The user space library is built using:

timm@rp-dev2:~/Source/xilinx_axidma$ make CROSS_COMPILE=arm-linux-gnueabihf- ARCH=arm library
arm-linux-gnueabihf-gcc -Wall -Wextra -Werror -std=gnu99 -g -O0 -fPIC -shared -Wno-missing-field-initializers -I include library/libaxidma.c -o library/libaxidma.so

The axidma_read example utility is now built using:

timm@rp-dev2:~/Source/xilinx_axidma$ make CROSS_COMPILE=arm-linux-gnueabihf- ARCH=arm examples
arm-linux-gnueabihf-gcc -Wall -Wextra -Werror -std=gnu99 -g -O0 -I include \
        examples/axidma_read.c examples/util.c -o examples/axidma_read \
        -L outputs -l axidma -Wl,-rpath,'$ORIGIN'

Testing

The red pitaya board is booted over TFTP using the usual procedure. Depending on the application being targeted, the contiguous memory allocation (CMA) may require modification. The default size of the CMA is set to 16MiB (as defined by the CONFIG_CMA_SIZE_MBYTES kernel configuration parameter. This may be changed by modifying the kernel configuration prior to a rebuild. More conveniently, the CMA size may also be changed by adding the U-boot bootargs specification: cma=<size>M. This can be done by editing boot-rp.txt file and re-building the U-boot boot script as described in the Set up Netboot for the Xilinx 2020.1 U-Boot section of the Red Pitaya Development Environment page.

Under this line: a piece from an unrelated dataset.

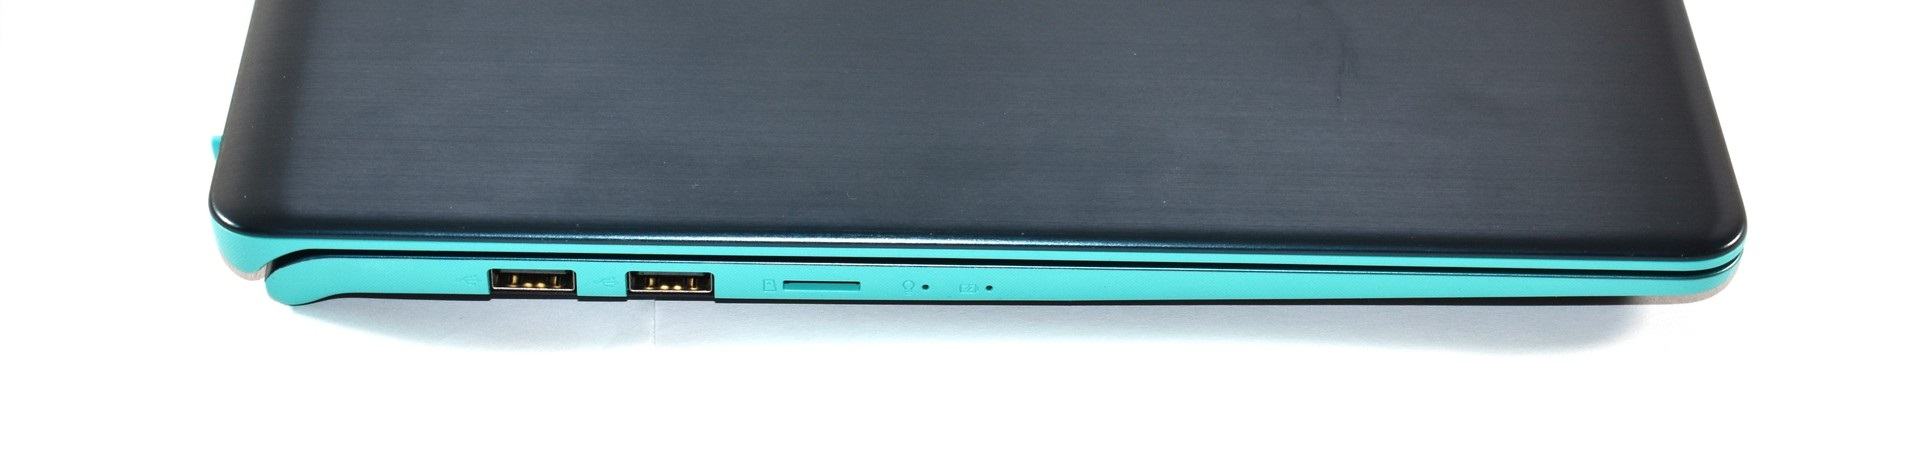 đánh giá Asus VivoBook S15 S530UN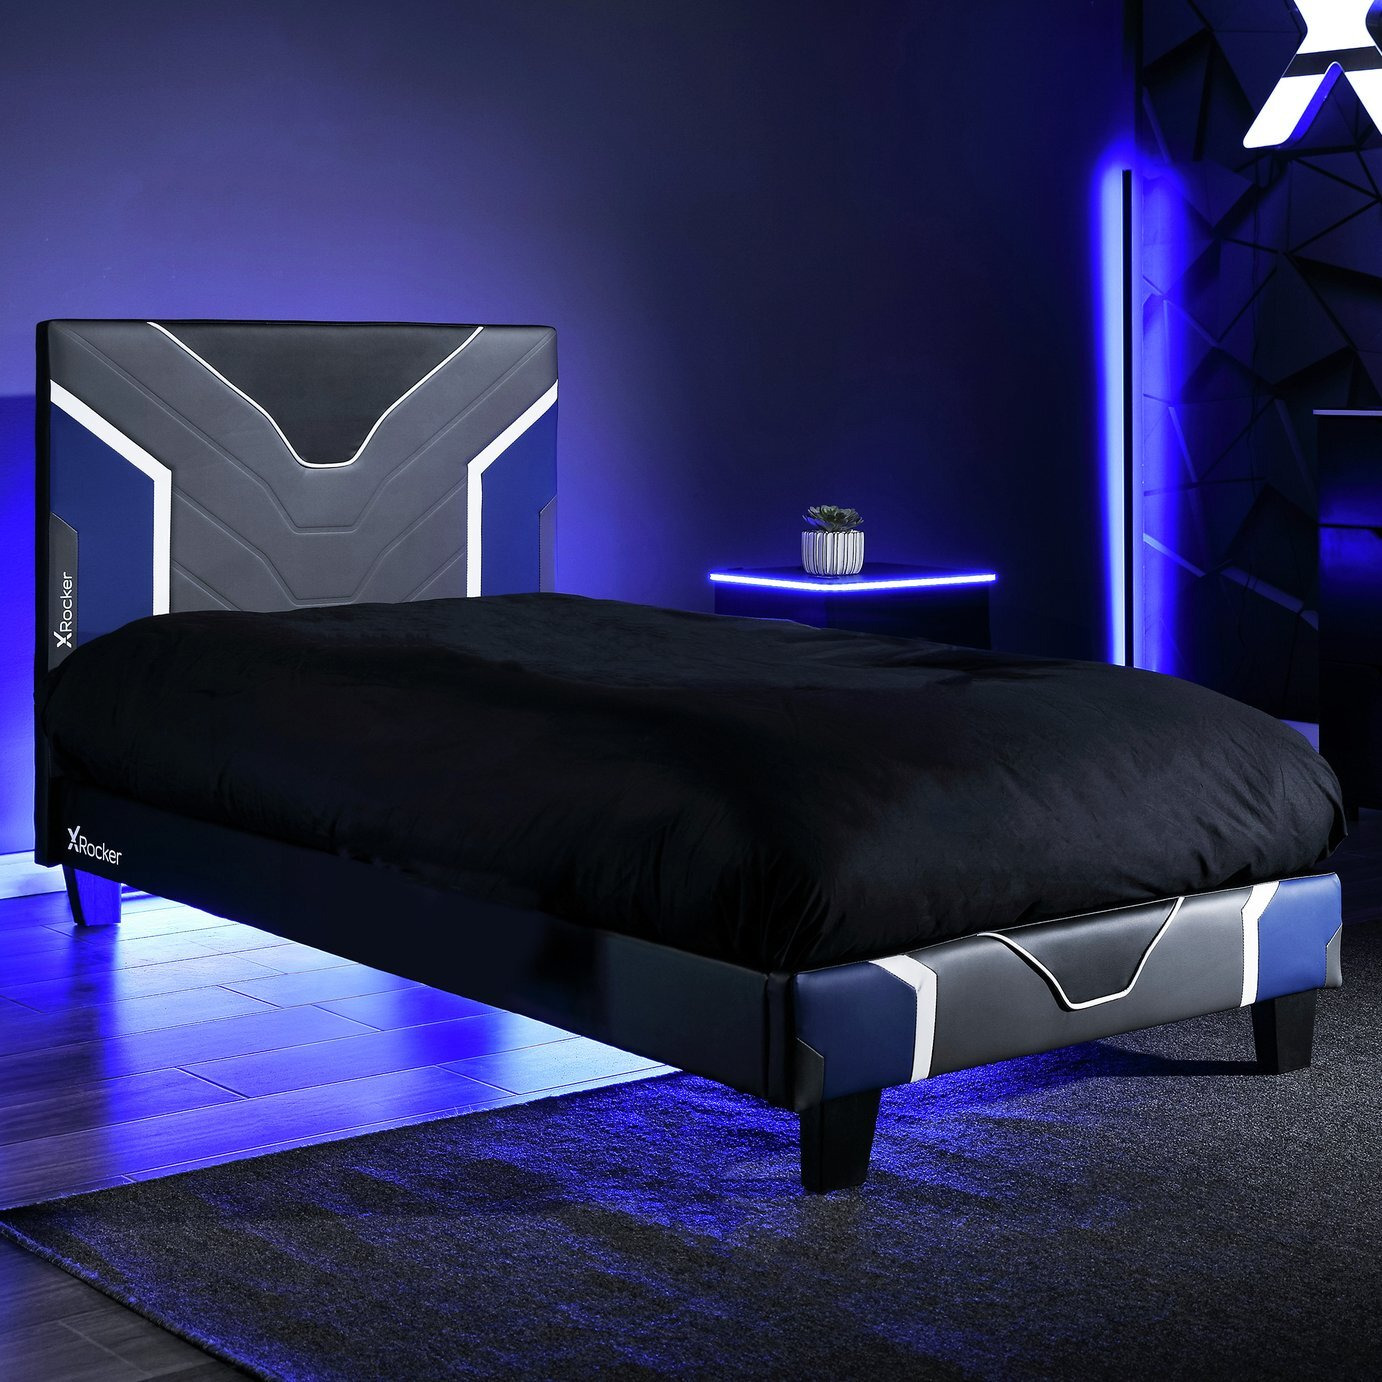 X Rocker Chromis Single Bed in a Box - Blue - image 1

After the target board successfully boots copy the products of the DMA driver build over:

timm@rp-dev2:~/Source/xilinx_axidma$ scp -r outputs/ root@red-pitaya:~

Log in to the board and load the kernel module:

root@redpitaya:~# cd outputs
root@redpitaya:~/outputs# insmod axidma.ko
axidma: axidma_dma.c: axidma_dma_init: 706: DMA: Found 0 transmit channels and 1 receive channels.
axidma: axidma_dma.c: axidma_dma_init: 708: VDMA: Found 0 transmit channels and 0 receive channels.
root@red-pitaya:/home/dyadic/Source/dma_test/kernel/xilinx_axidma/driver# lsmod
Module                  Size  Used by
axidma                 28672  0
...

As shown above by the console messages, the driver module should find only the one DMA receive channel.

Setting the DDS output Frequency

First, the source code for the set_phase utility is copied over to the target Red Pitaya board and built:

scp -r software/rpboard/dma_test/app/set_phase.c root@redpitaya:~
# Log in to the target board and build the set_phase utility:
gcc set_phase.c -o set_phase

For the dma_test design the DDS clock frequency is 125 MHz and the phase increment word size is 28 bits, the phase increment which gives an output frequency of 1 MHz is:

\begin{equation*} \Delta\theta = 2^{28} / 125 = 2147483.648 \end{equation*}

The value produced is then loaded into the DDS phase increment configuration register using:

root@red-pitaya:~# ./set_phase 2147483

The measured frequency of the signal on output A of the board is then seen to be: 999.9865 kHz

The DAC outputs

The two DAC outputs are expected to be offset by a phase of \(90^{\circ}\). This is checked by explicit measurement as illustrated below:

DDS output on tek784

On the Tek784 the measured phase difference is ~90 degrees.

DDS output on tek485

On the Tek485 with timebase 0.1nS the phase difference is measured as 2.5 units.

A DMA read

An experimental DMA read can now be carried out

./axidma_read data.out 8192
AXI DMA File Transfer Info:
Receive Channel: 0
Output File Size: 0.01 Mb

Writing output data to `data.out`.

The output data can be put in a form which is more usable using the following:

import numpy as np
f = open("data.out", "r")
a = np.fromfile(f, dtype=np.int16)

Note that the data is being read as a series of signed 16-bit quantities. This matches the output stream format of the DDS.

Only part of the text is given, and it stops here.